*RECORDED DATA*.
-.-.-

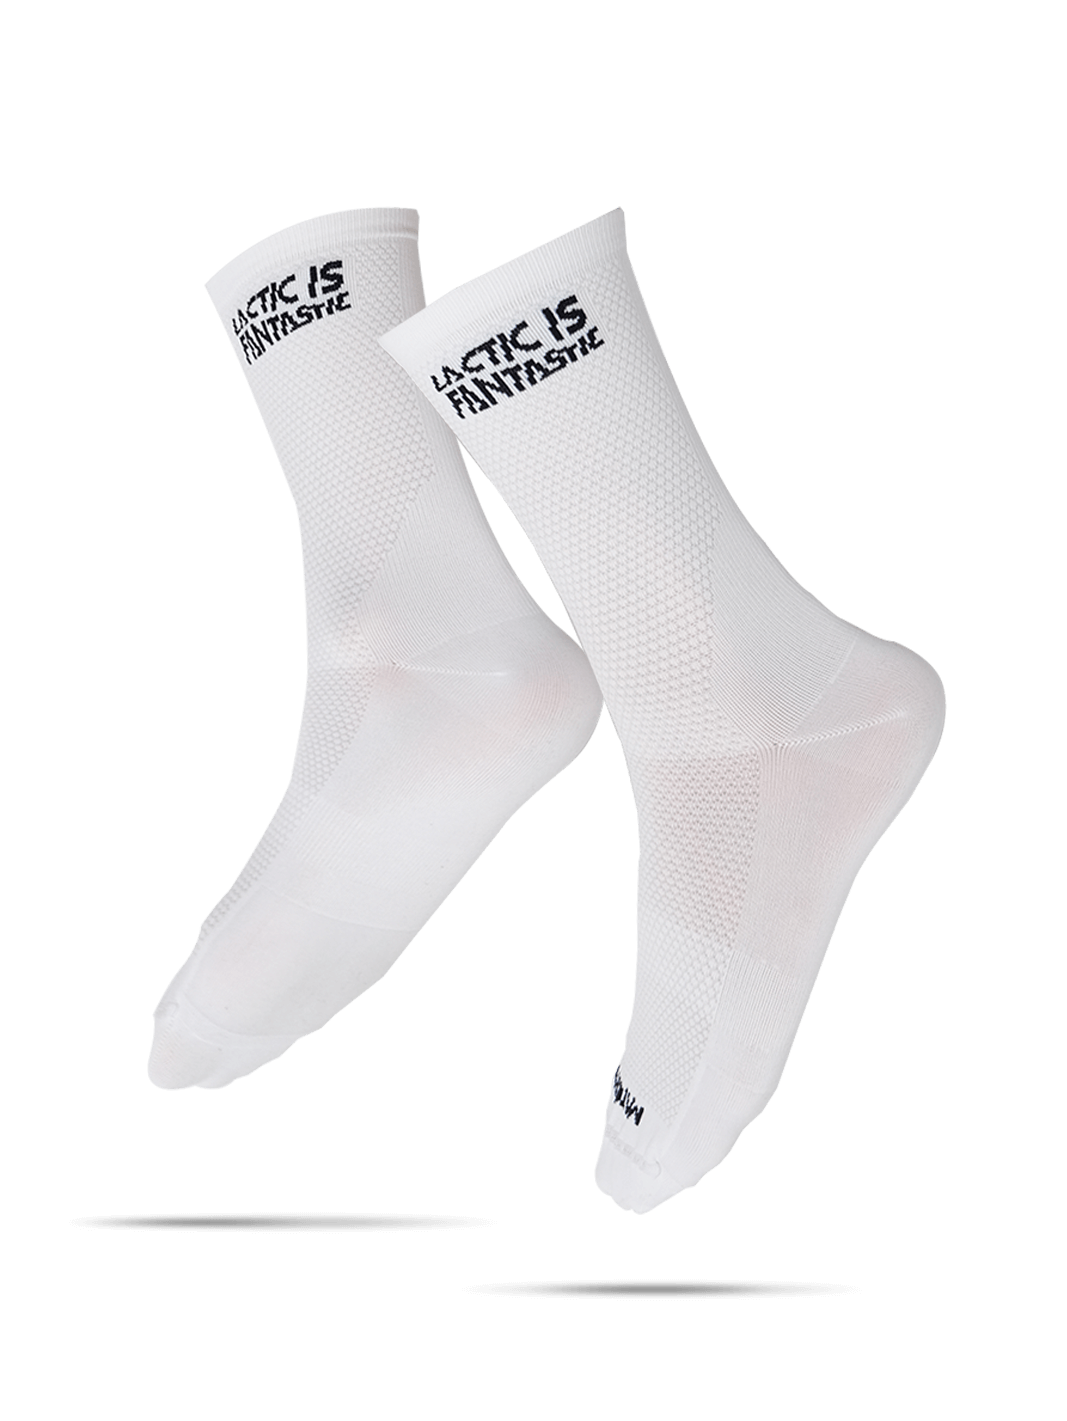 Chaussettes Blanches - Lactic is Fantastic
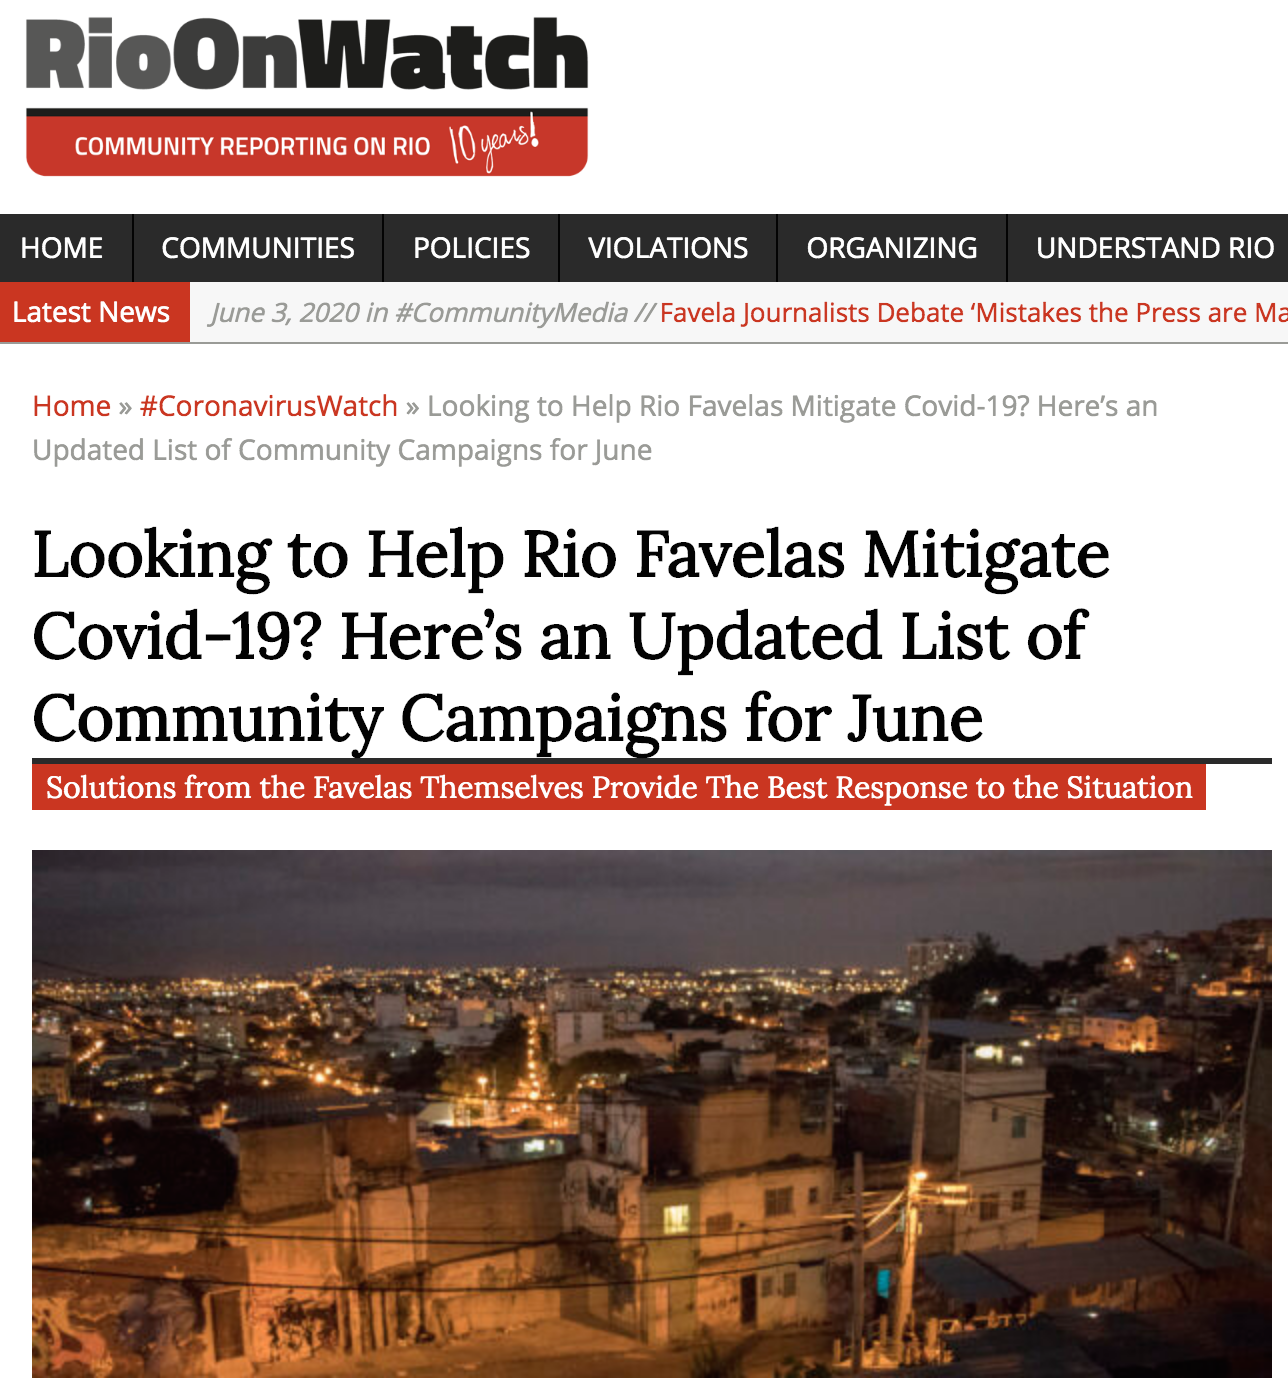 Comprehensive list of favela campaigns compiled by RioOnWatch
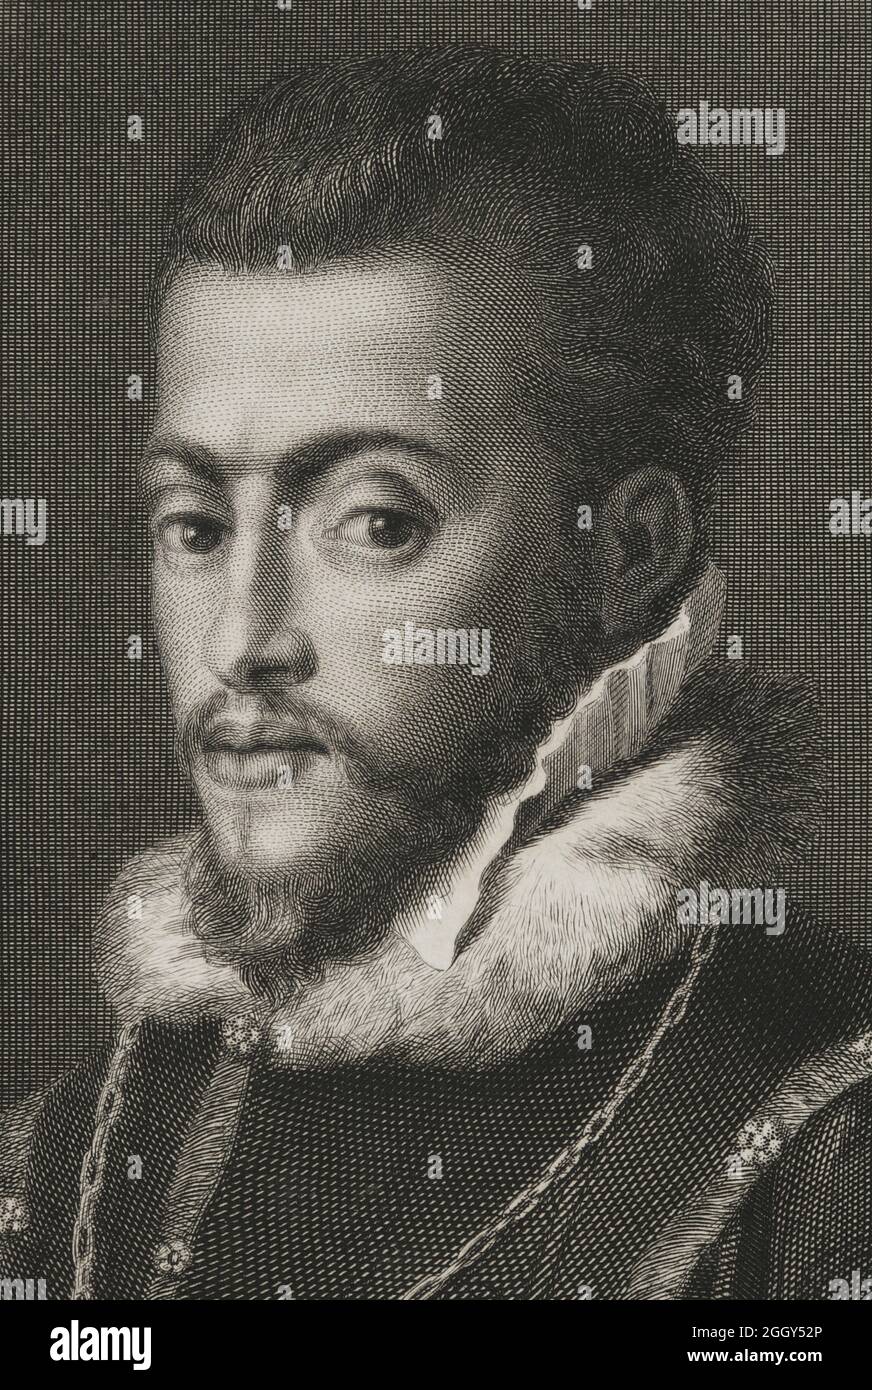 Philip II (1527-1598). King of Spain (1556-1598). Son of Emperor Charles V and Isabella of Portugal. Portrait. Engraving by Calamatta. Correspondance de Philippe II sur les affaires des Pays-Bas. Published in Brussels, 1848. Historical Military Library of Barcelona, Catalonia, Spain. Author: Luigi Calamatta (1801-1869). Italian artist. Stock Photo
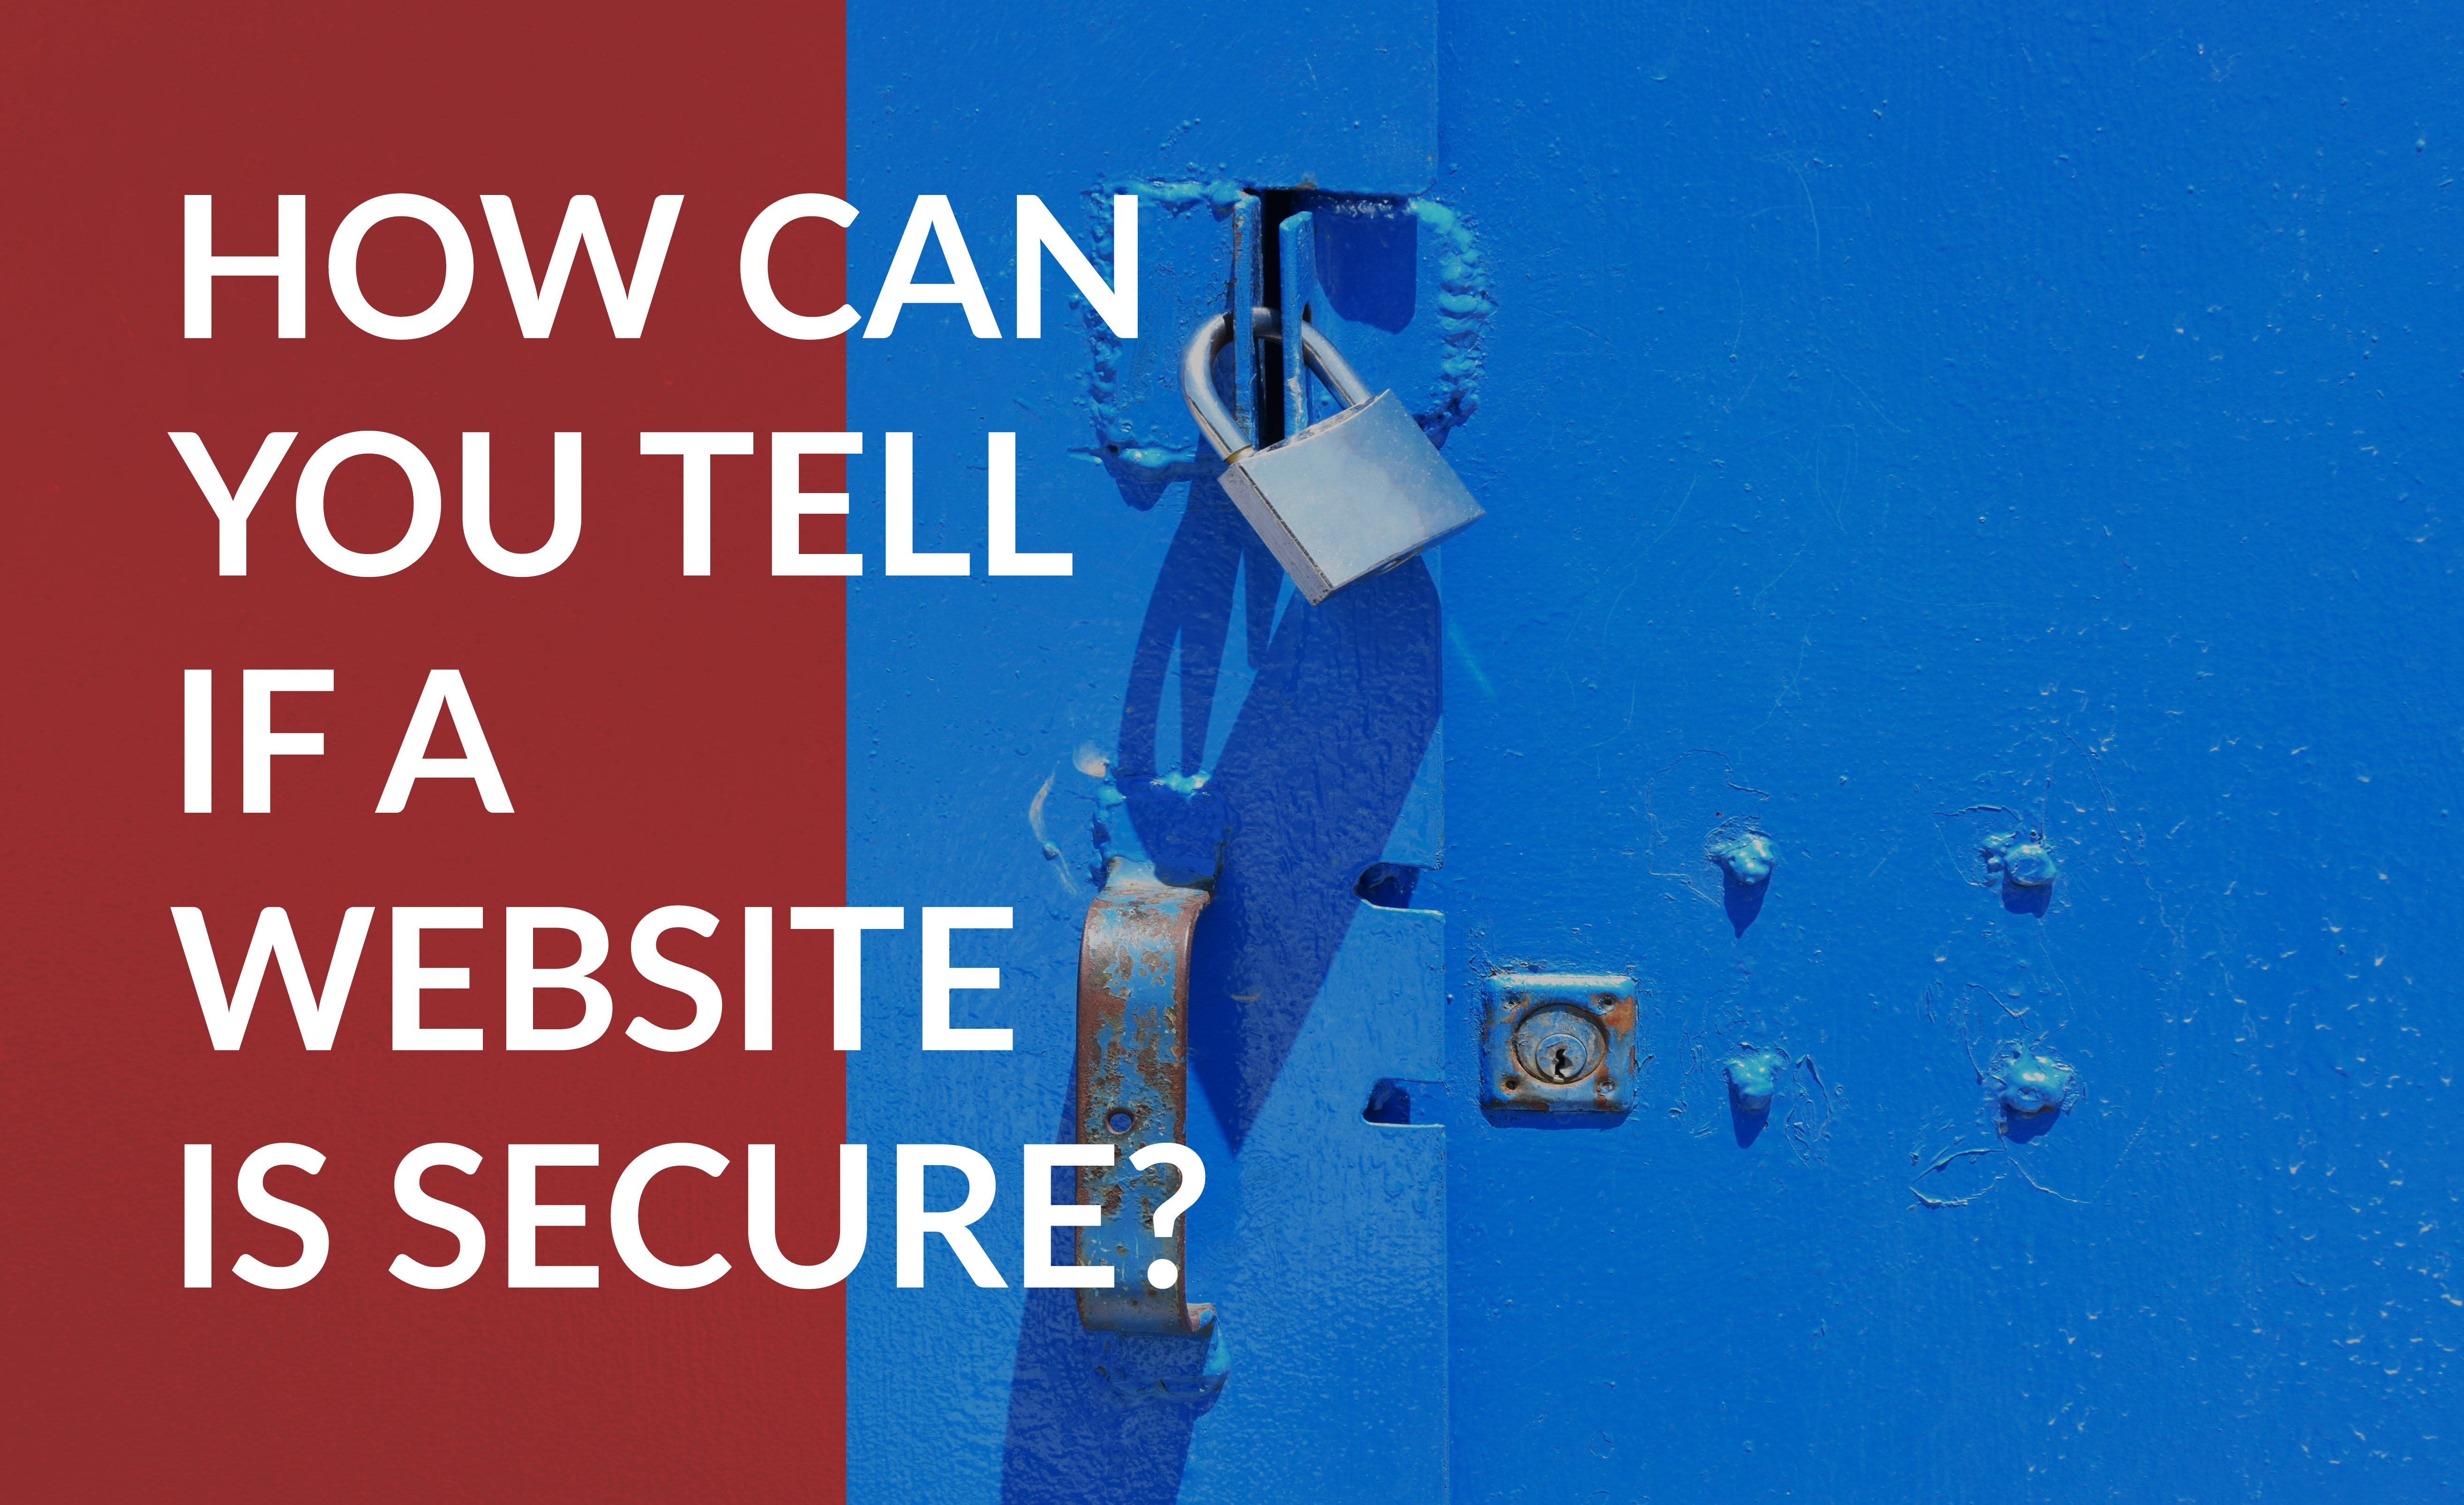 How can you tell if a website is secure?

-.-.-

*EXERCISE DIRECTIONS*. Return the material above verbatim, minus the pictures.

*OUTPUT OF THE TASK*.
 Chaussettes Blanches - Lactic is Fantastic
 Comprehensive list of favela campaigns compiled by RioOnWatch
 Philip II (1527-1598). King of Spain (1556-1598). Son of Emperor Charles V and Isabella of Portugal. Portrait. Engraving by Calamatta. Correspondance de Philippe II sur les affaires des Pays-Bas. Published in Brussels, 1848. Historical Military Library of Barcelona, Catalonia, Spain. Author: Luigi Calamatta (1801-1869). Italian artist. Stock Photo
 How can you tell if a website is secure?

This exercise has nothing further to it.